[[ RAW DATA, beginning ]]
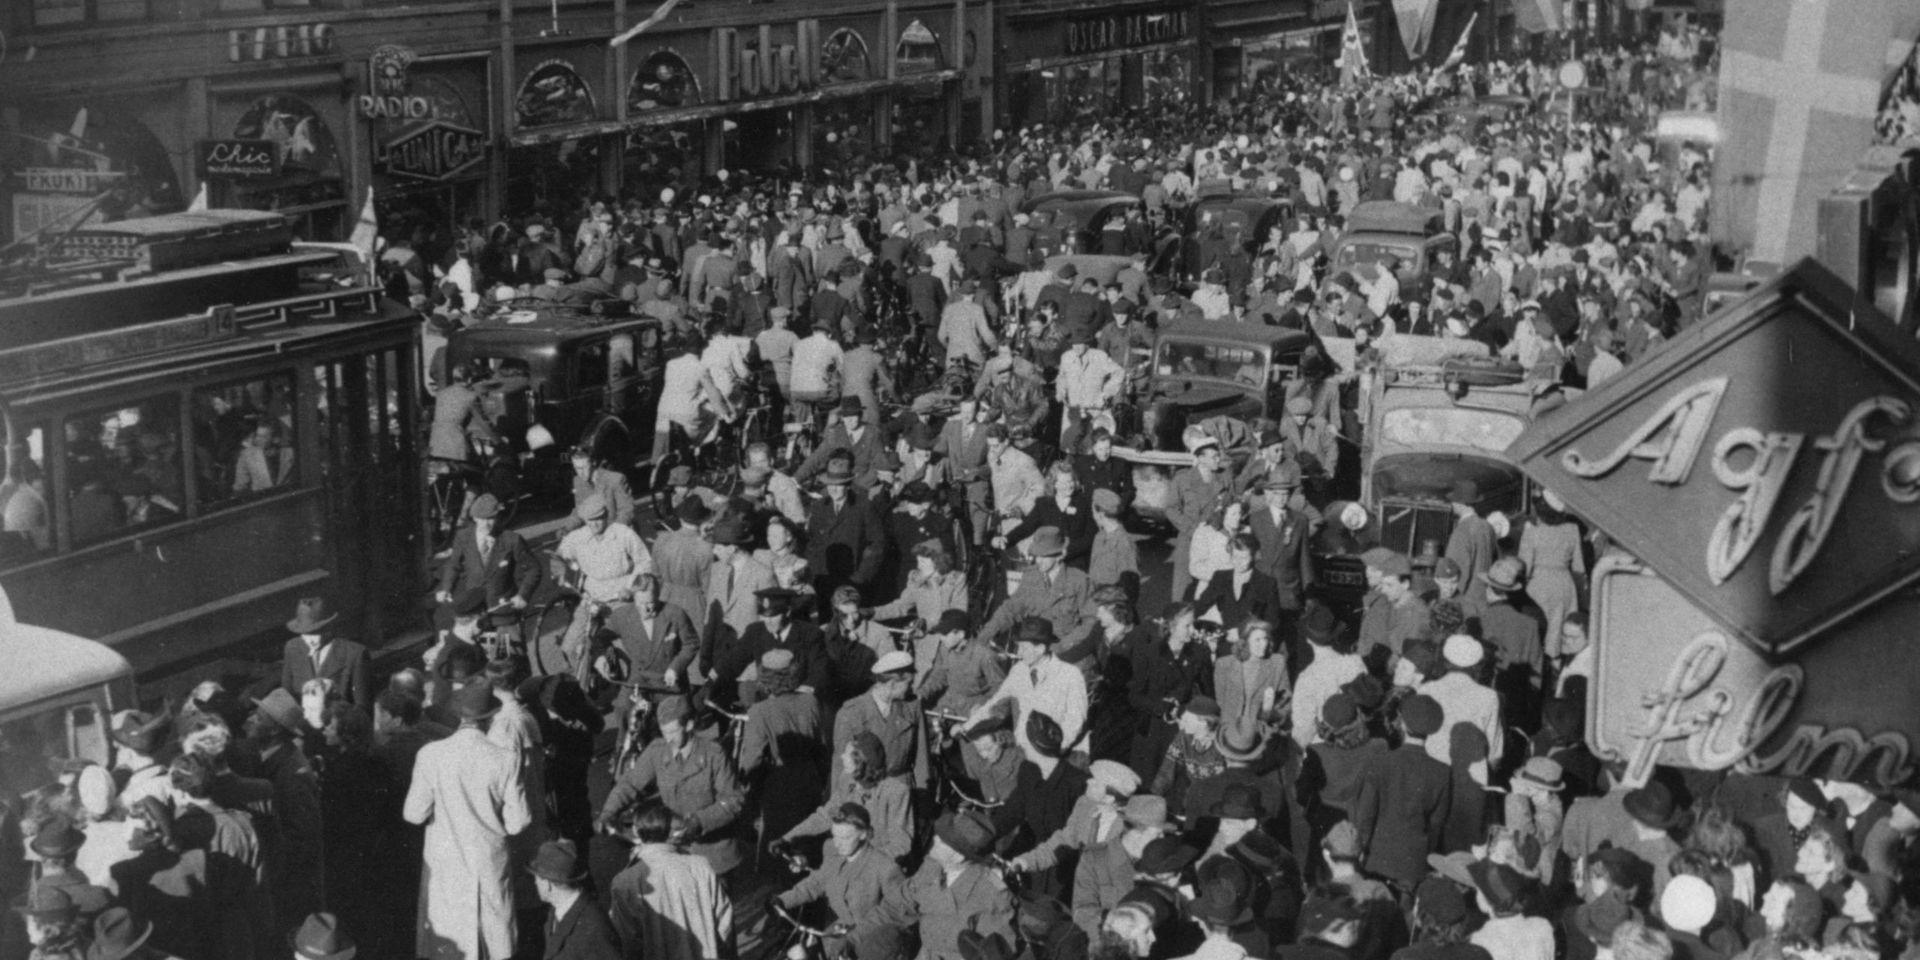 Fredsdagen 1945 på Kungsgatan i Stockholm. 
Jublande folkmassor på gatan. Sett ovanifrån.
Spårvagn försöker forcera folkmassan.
[[ RAW DATA, end ]]
[[ RAW DATA, beginning ]]
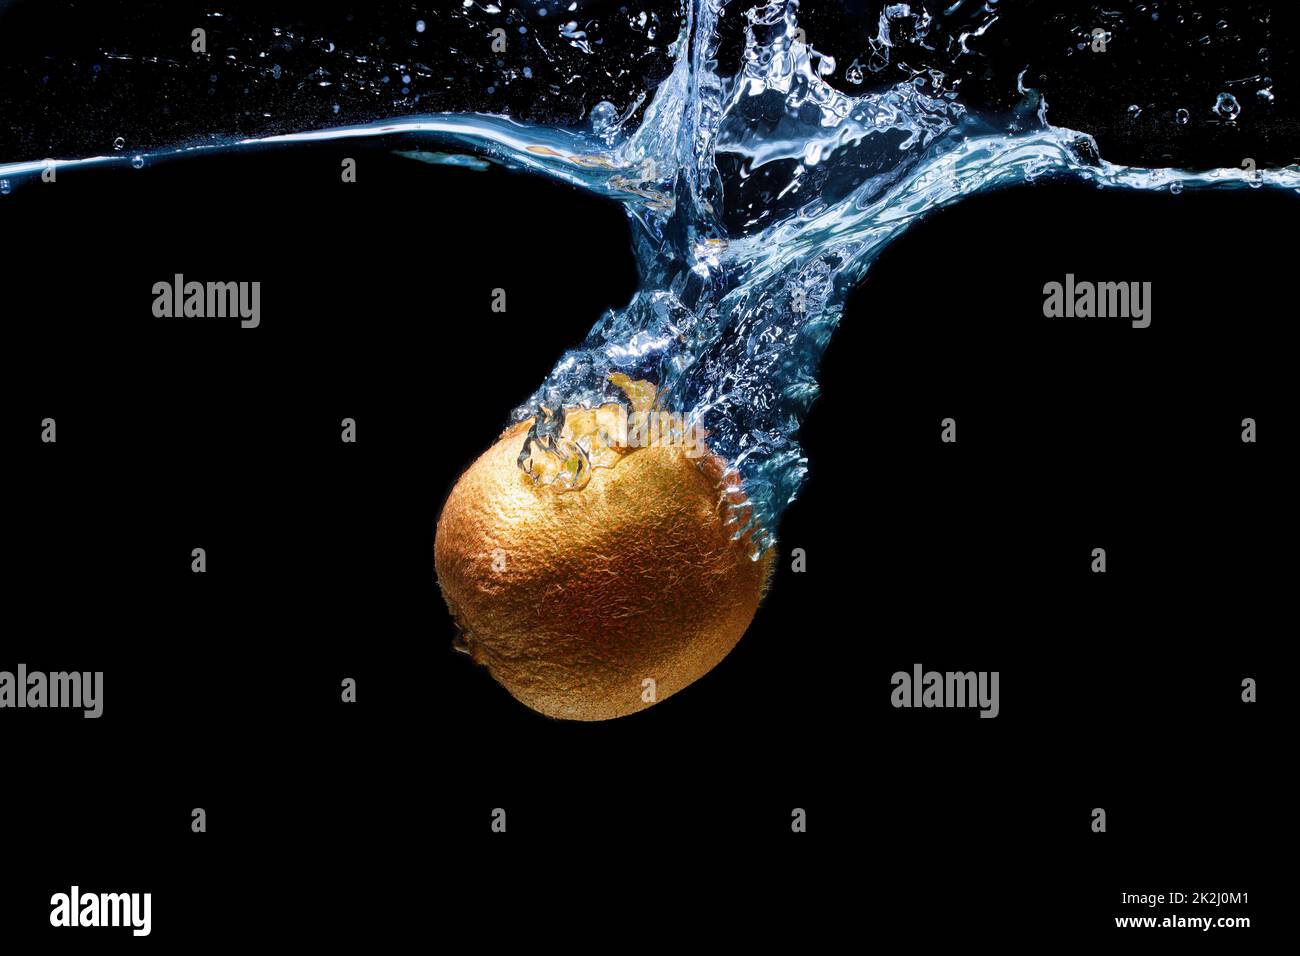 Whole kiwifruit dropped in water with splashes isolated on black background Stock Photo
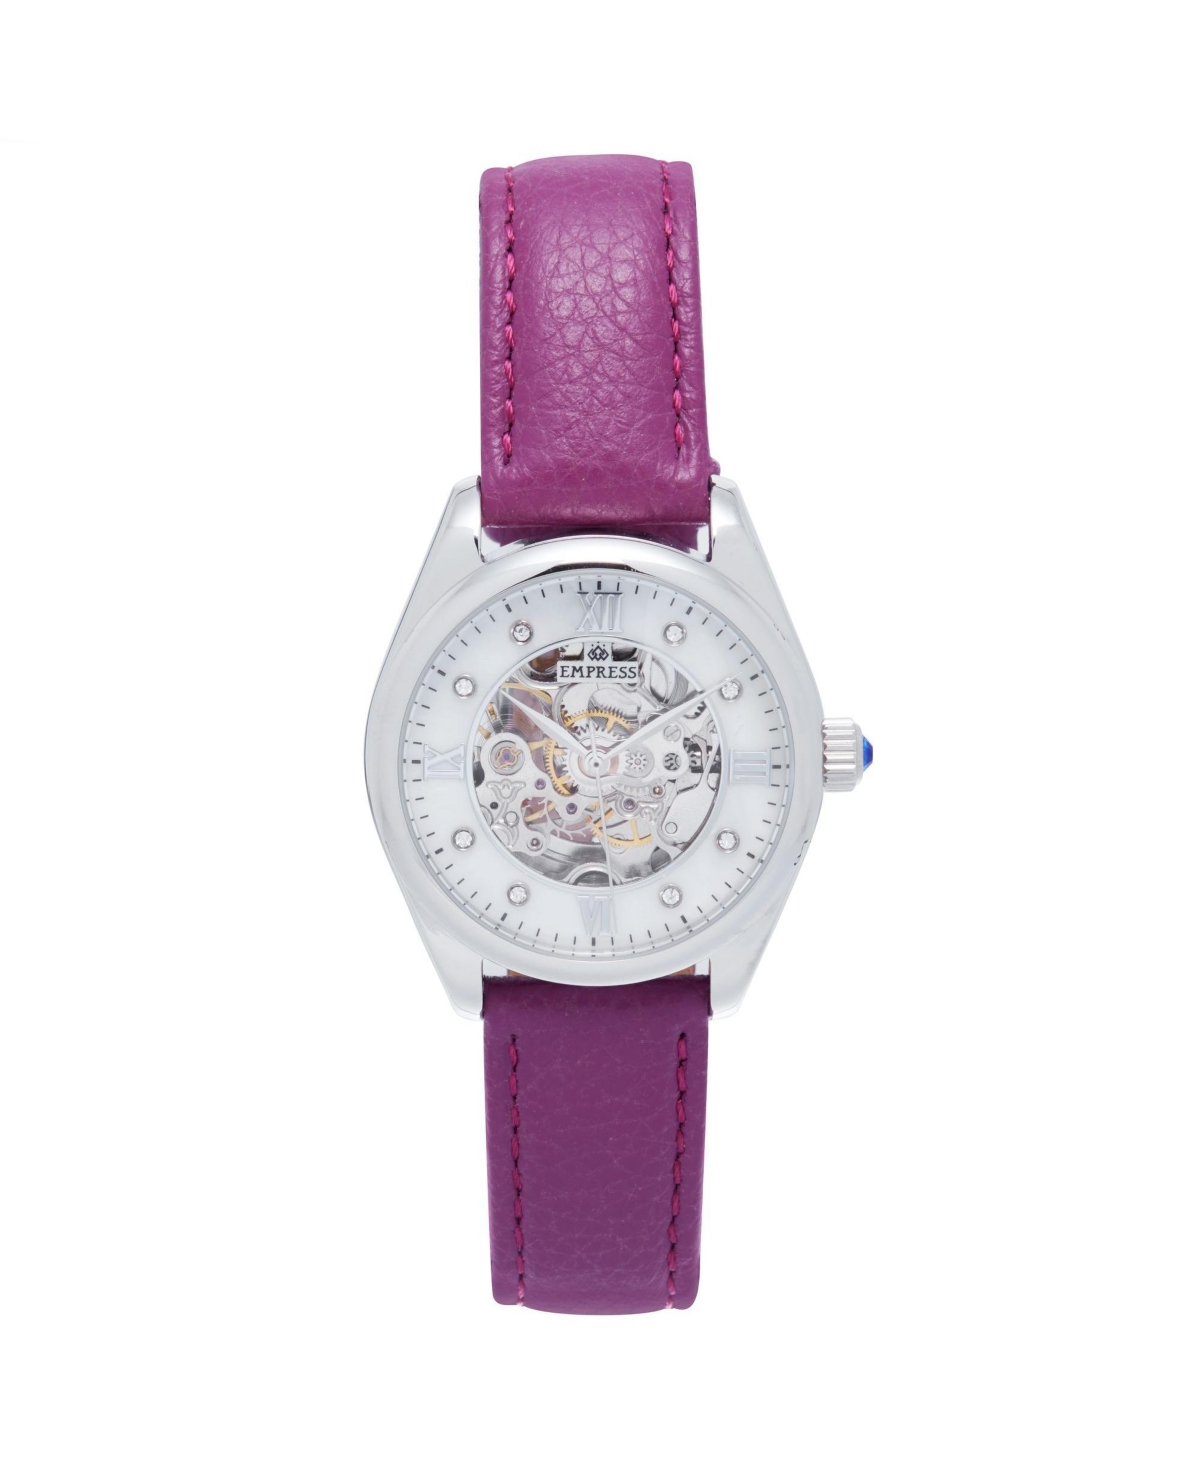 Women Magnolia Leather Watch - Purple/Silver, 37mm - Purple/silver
[[ RAW DATA, end ]]
[[ RAW DATA, beginning ]]
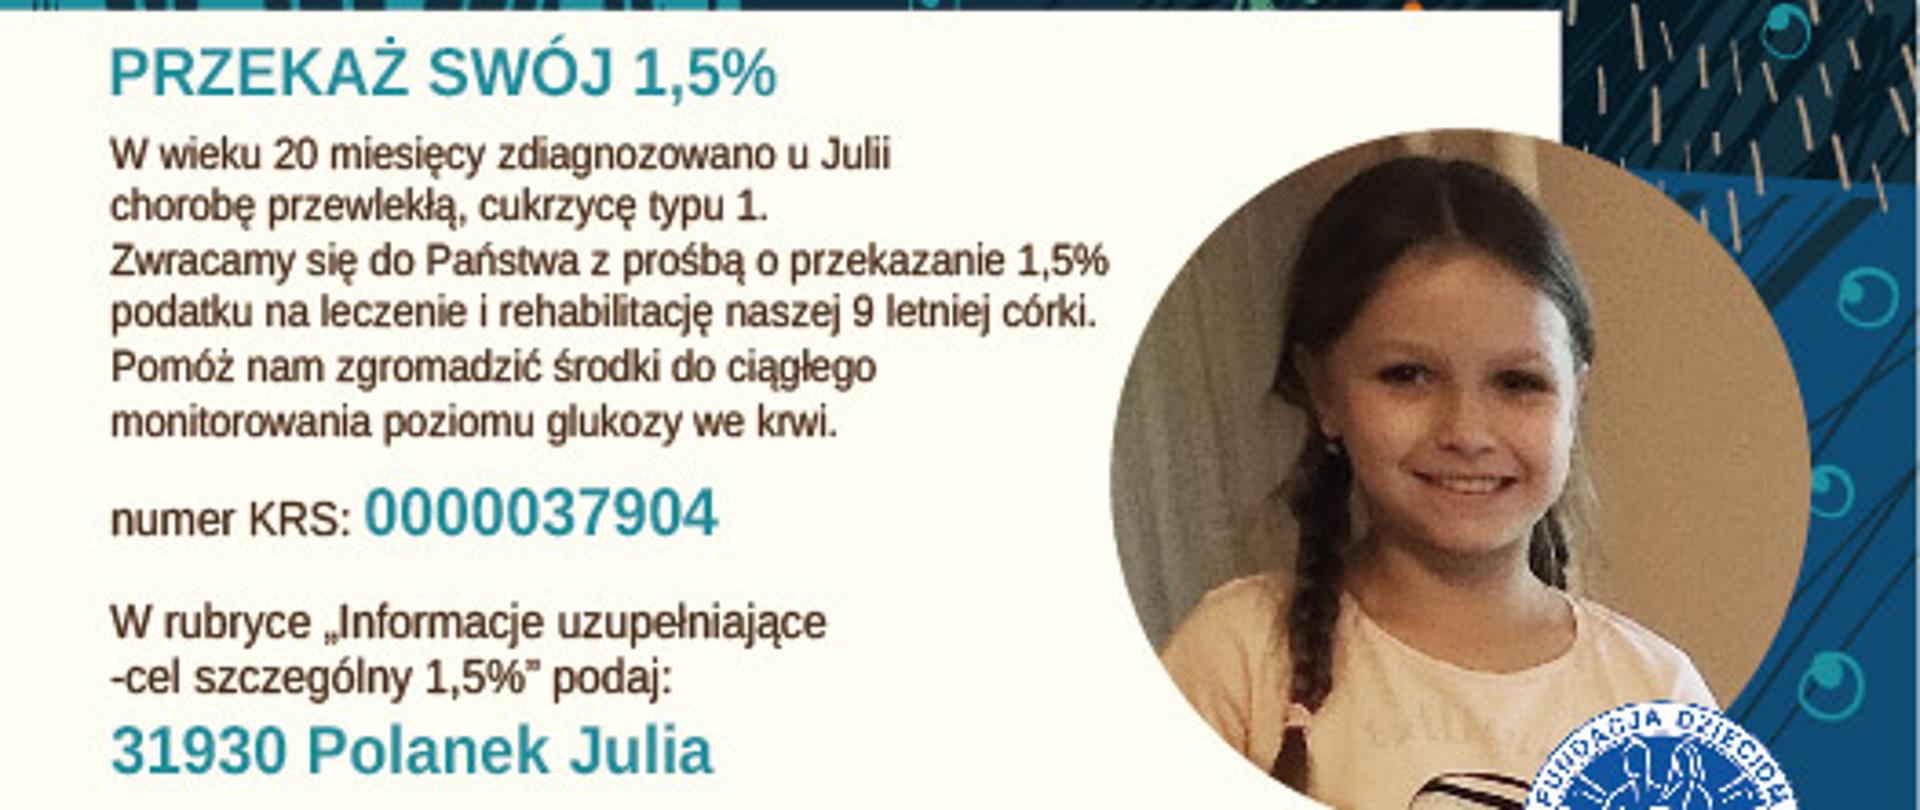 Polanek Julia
[[ RAW DATA, end ]]
» YOUR INSTRUCTIONS
Above are the records. Copy the lines beginning at the one that has "Jublande folkmassor på gatan. Sett ovanifrån." and ending with the one that has "Spårvagn försöker forcera folkmassan.", unchanged.

» SOLUTION
Jublande folkmassor på gatan. Sett ovanifrån.
Spårvagn försöker forcera folkmassan.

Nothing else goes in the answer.